Materials and Methods:
Between 2005 and 2018, 890 patients with HCC who achieved a CR to TACE were recruited. An AFP responder was defined as a patient who showed elevated levels of AFP (>10 ng/mL) during TACE, but showed normalization or a >50% reduction in AFP levels after achieving a CR.
Results:
Among the recruited patients, 569 (63.9%) with naïve HCC and 321 (36.1%) with recurrent HCC after complete resection were treated. Before TACE, 305 (34.3%) patients had multiple tumors, 219 (24.6%) had a maximal tumor size >3 cm, and 22 (2.5%) had portal vein tumor thrombosis. The median AFP level after achieving a CR was 6.36 ng/mL. After a CR, 473 (53.1%) patients experienced recurrence, and 417 (46.9%) died [median progression-free survival (PFS) and overall survival (OS) of 16.3 and 62.8 months, respectively]. High AFP levels at CR (>20 ng/mL) were independently associated with a shorter PFS [hazard ratio (HR)=1.403] and OS (HR=1.284), together with tumor multiplicity at TACE (HR=1.518 and 1.666, respectively).
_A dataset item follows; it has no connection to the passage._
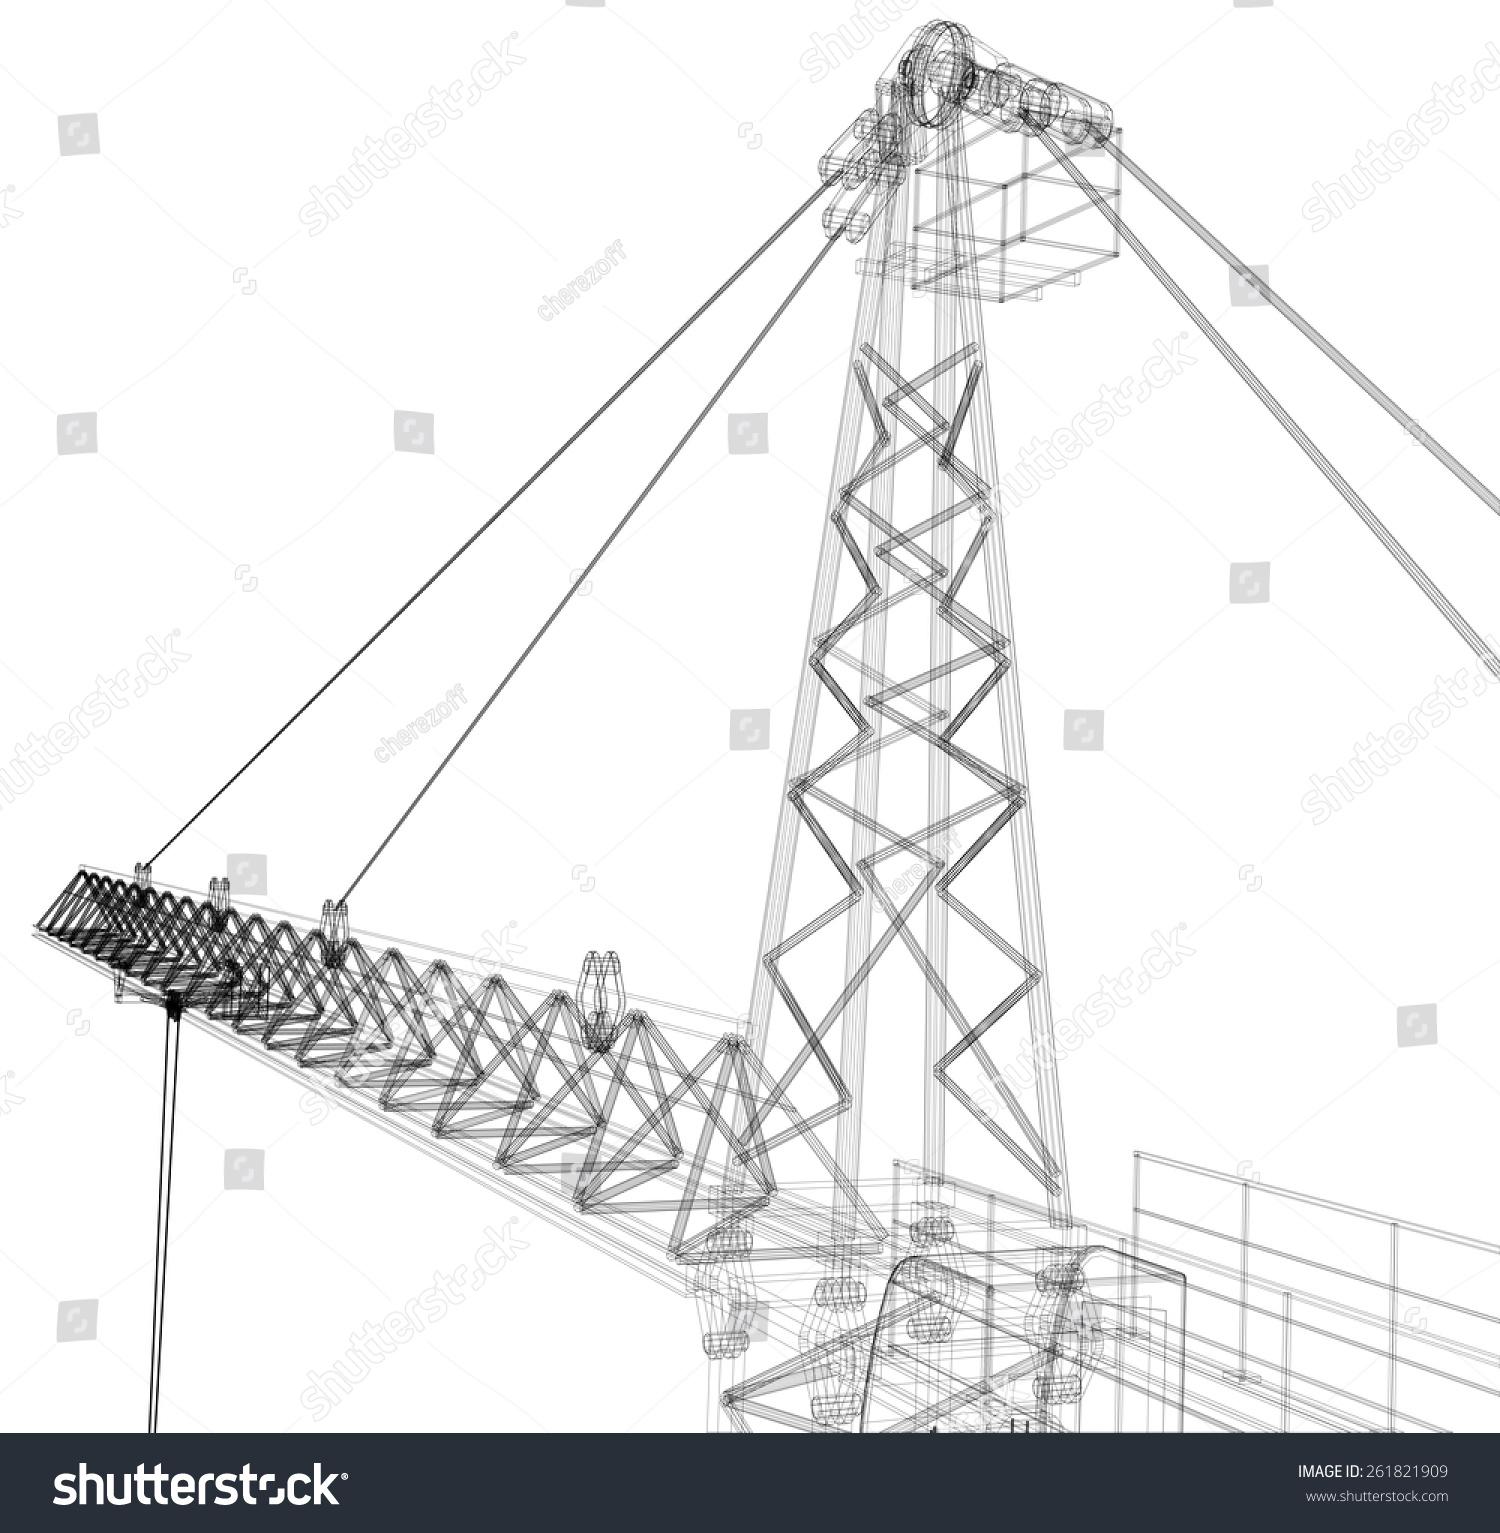 塔式起重机.白色背景上的详细的矢量插图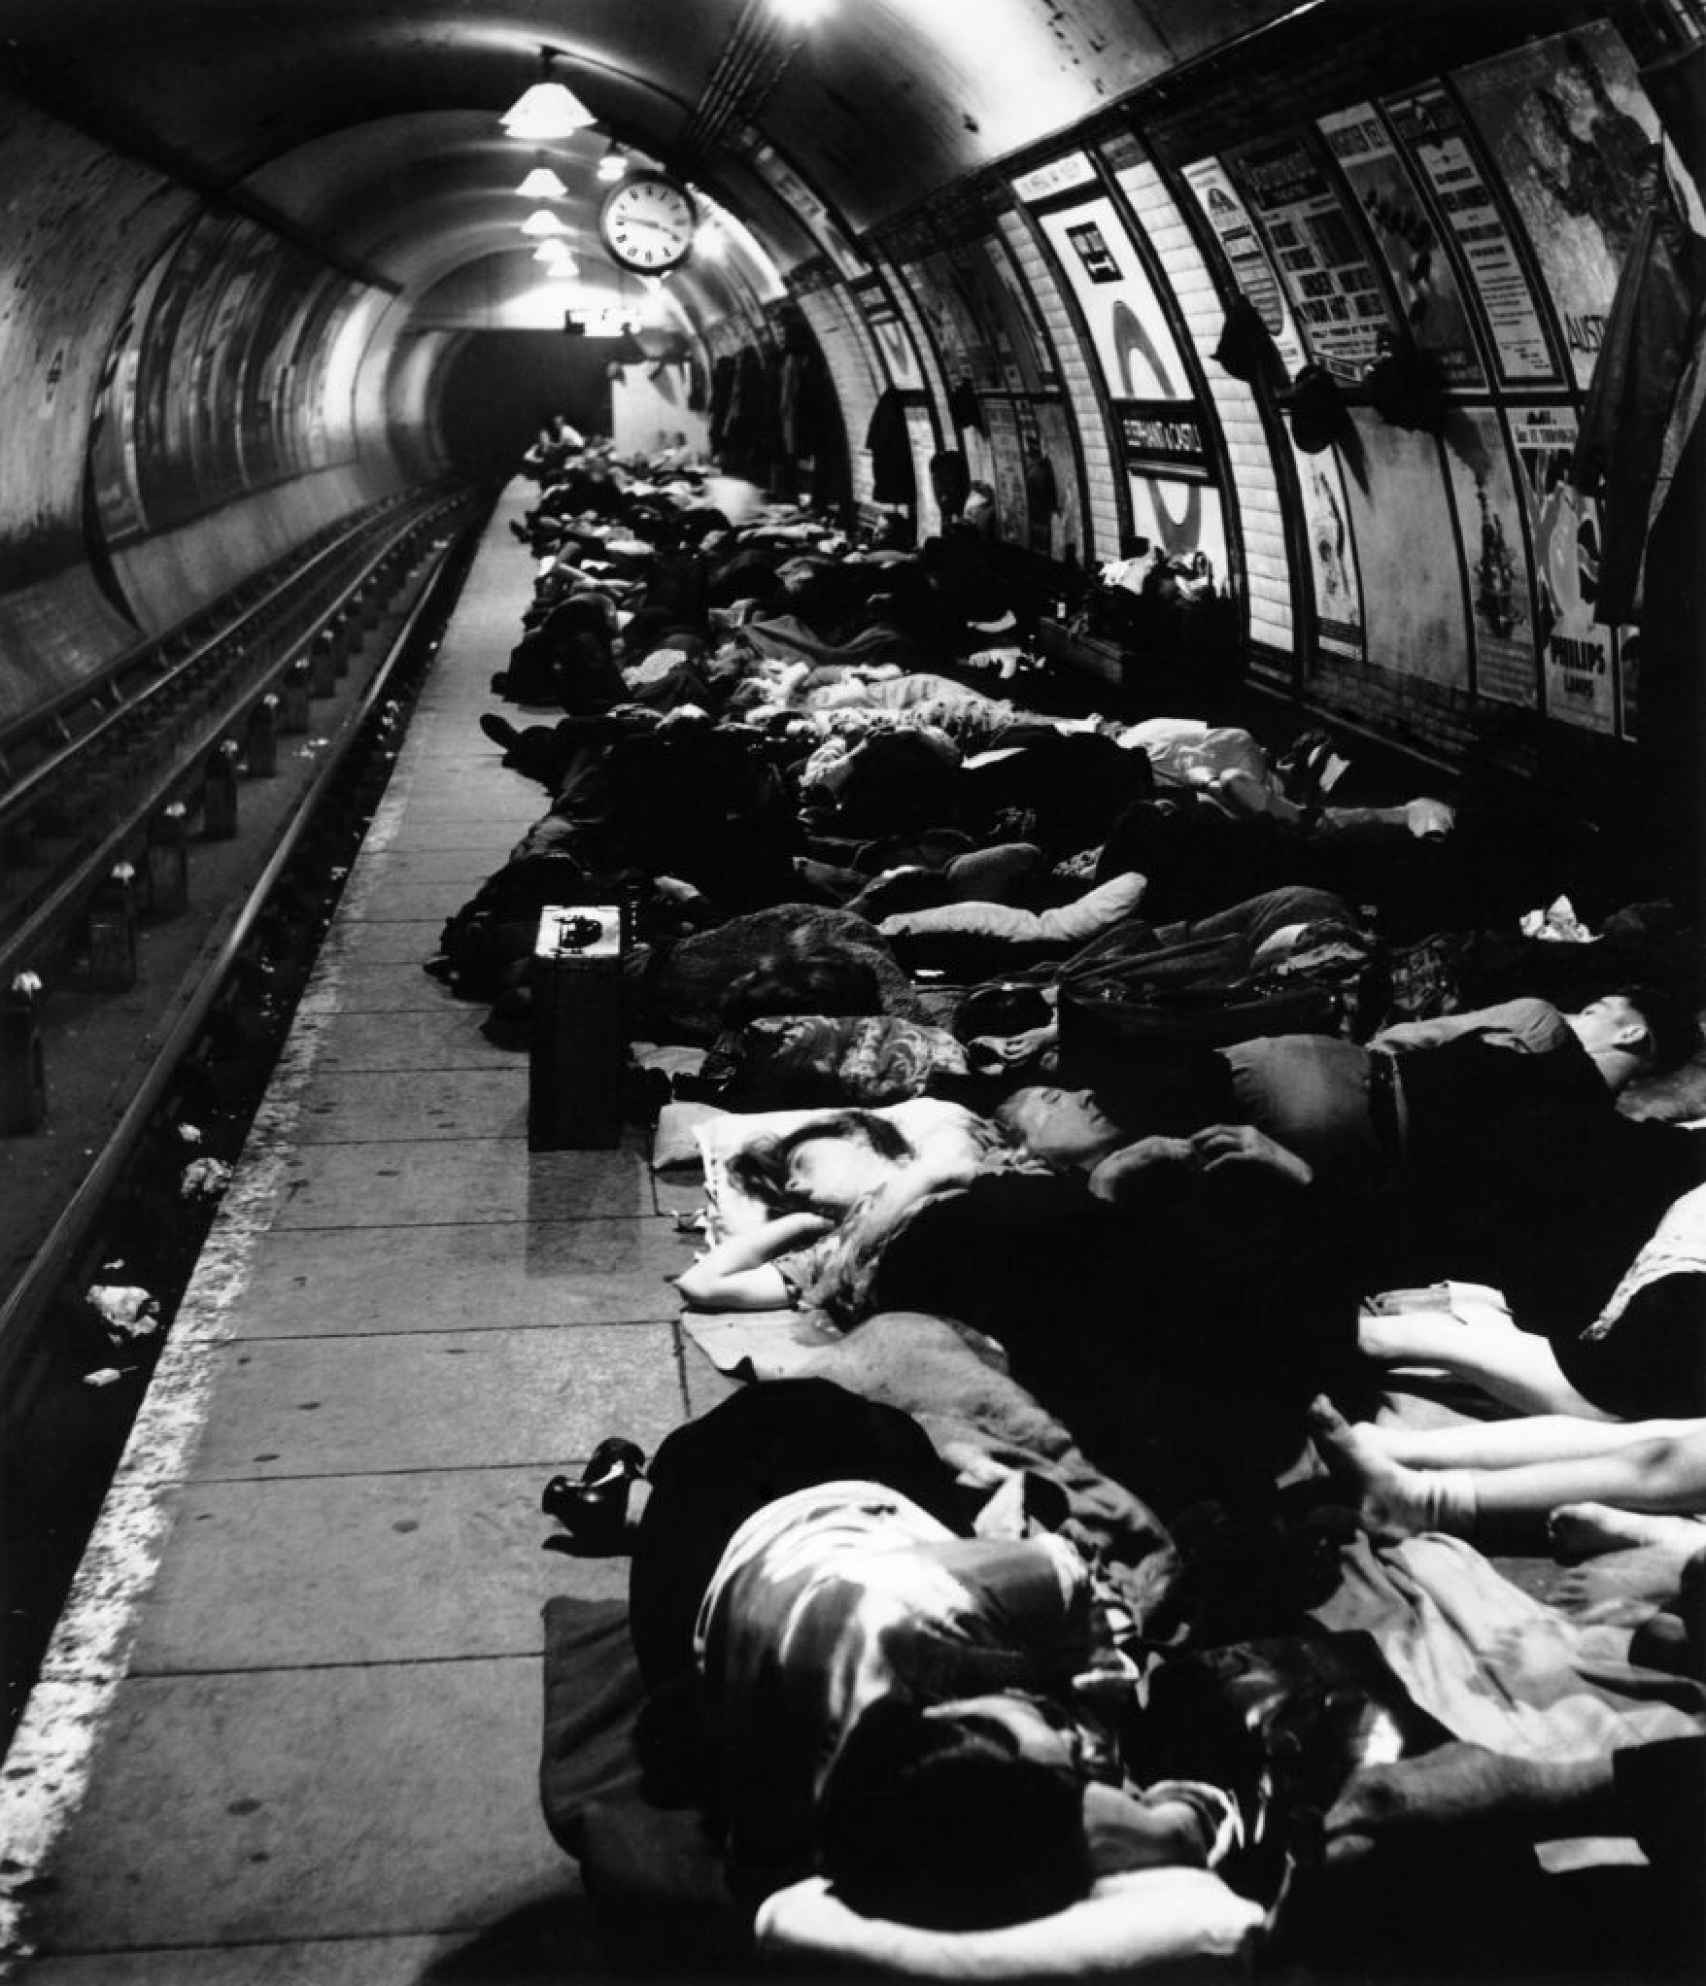 Bill Brandt. Estación de metro de Elephant and Castle, 1940

AFP non-responders at CR (76.2%, n=359 of 471) showed a shorter PFS (median 10.5 months vs. 15.5 months, HR=1.375) and OS (median 41.4 months vs. 61.8 months, HR=1.424) than AFP responders (all p=0.001).
Conclusion
High AFP levels and AFP non-responders were independently associated with poor outcomes after TACE. AFP holds clinical implications for detailed risk stratification upon achieving a CR after TACE.